### Information provided
[Start of Attachment]
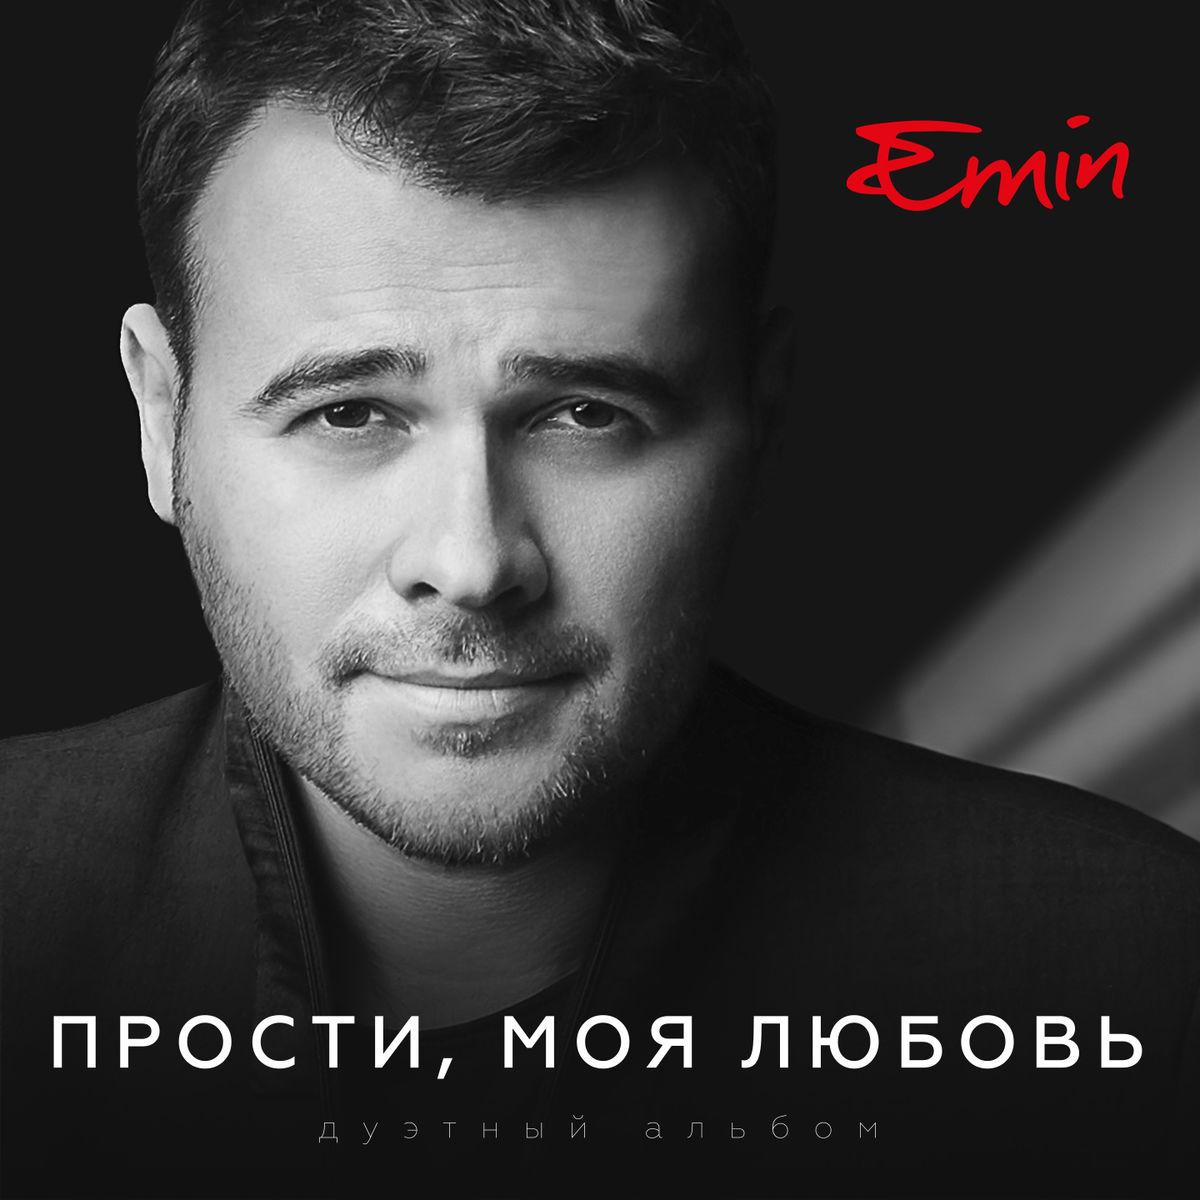 Эмин - Прости, моя любовь, 2017 - дуэтный альбом | Музолента
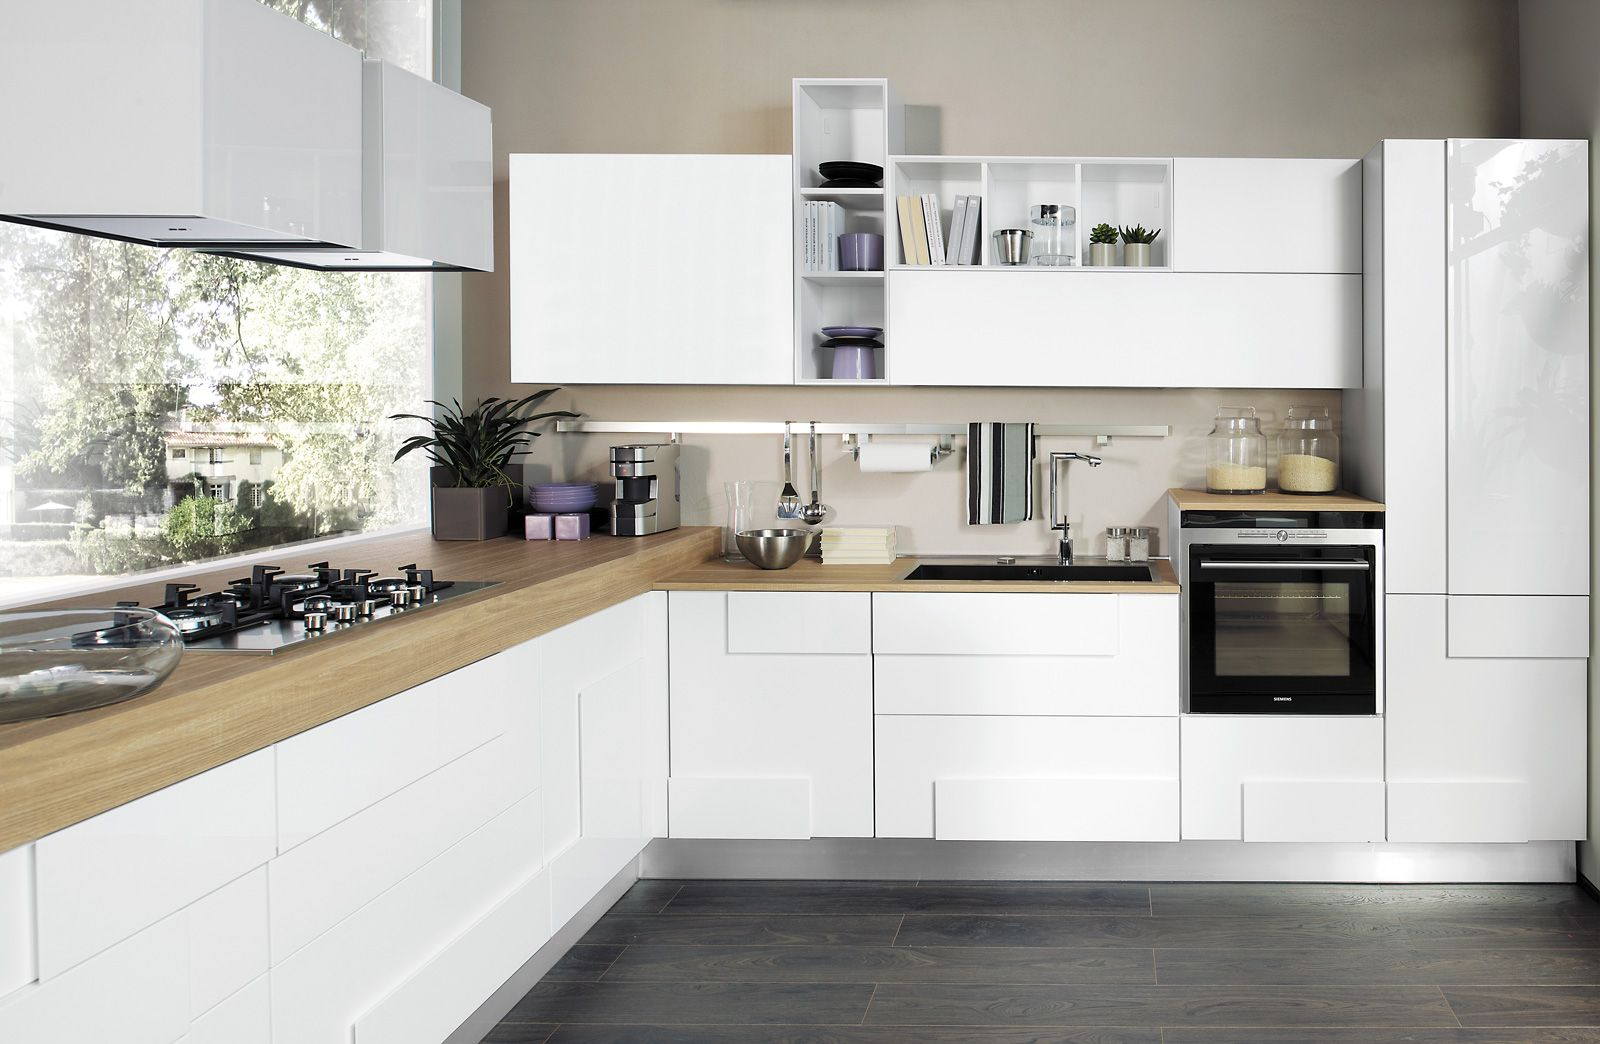 Tanto bianco e la cucina raddoppia visivamente | Arredamento ...
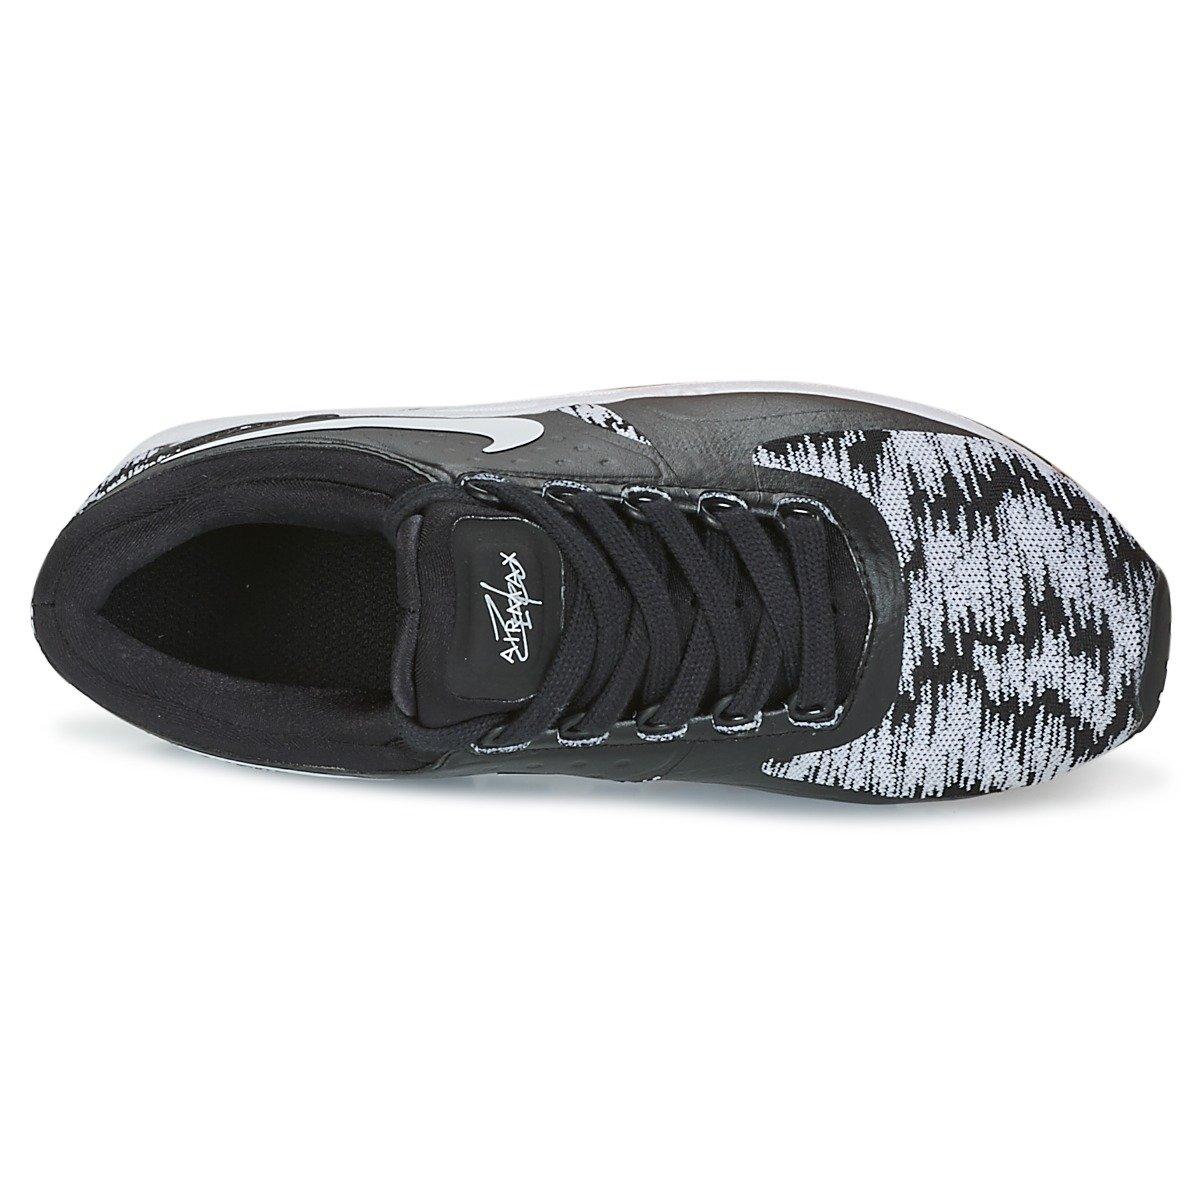 best sneakers e632e 7ee52 Nike Air Max Zero Se (GS), Baskets pour Enfants  Amazon.fr  Sports et  Loisirs
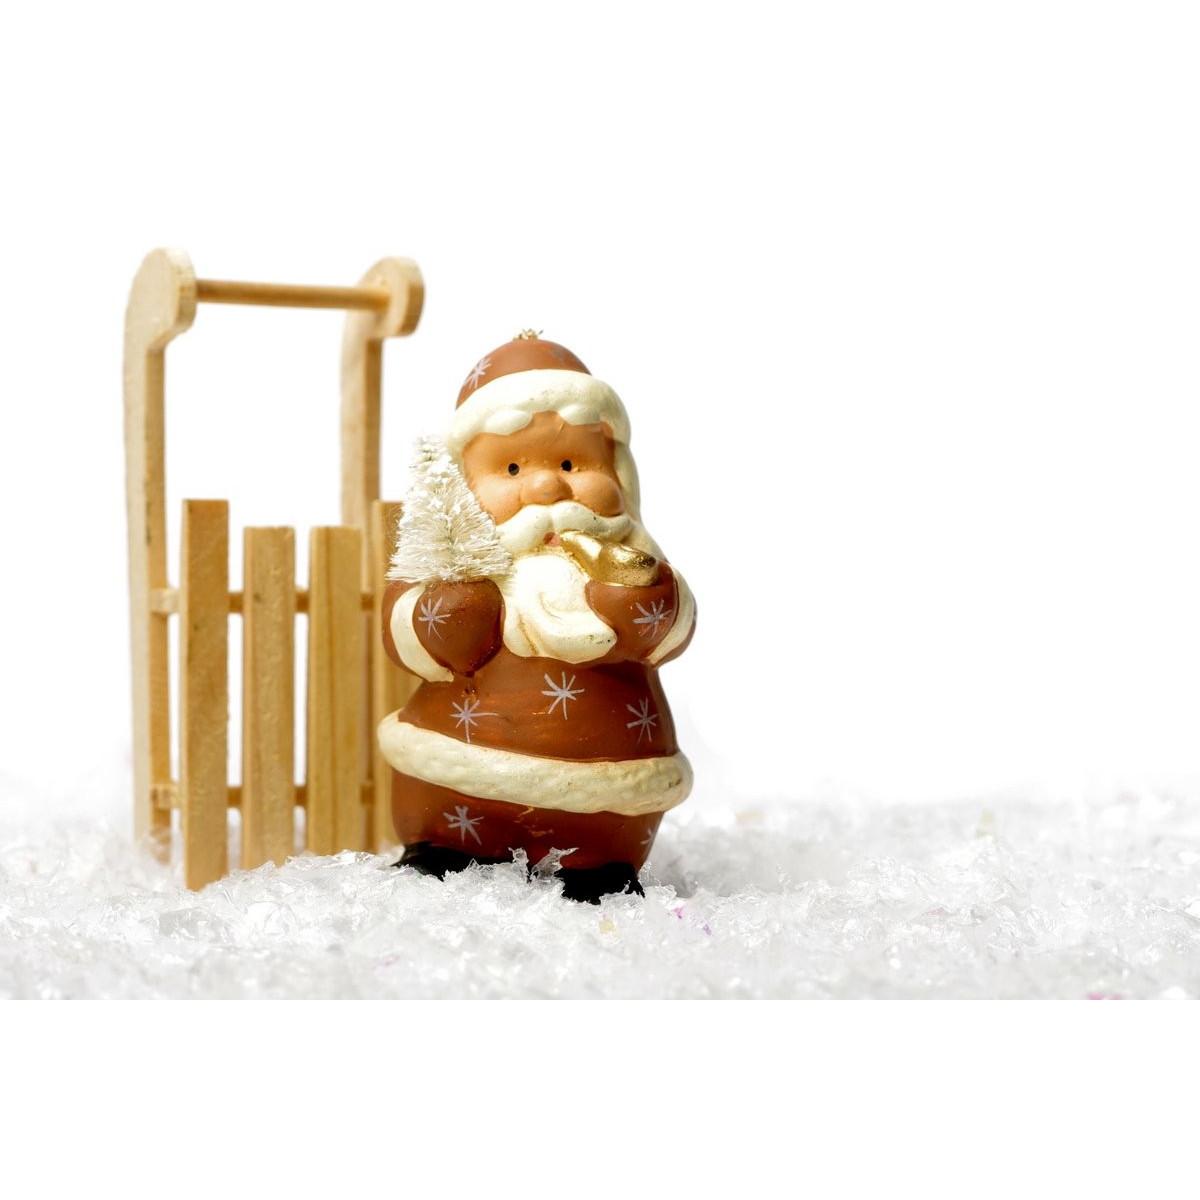 Fragrance Le traineau du Père Noël
[End of Attachment]
### What you are asked to do
Setting the pictures aside, return exactly the lines from the line with "best sneakers e632e" through the last line of the listing above.

### Exercise result
 best sneakers e632e 7ee52 Nike Air Max Zero Se (GS), Baskets pour Enfants  Amazon.fr  Sports et  Loisirs
 Fragrance Le traineau du Père Noël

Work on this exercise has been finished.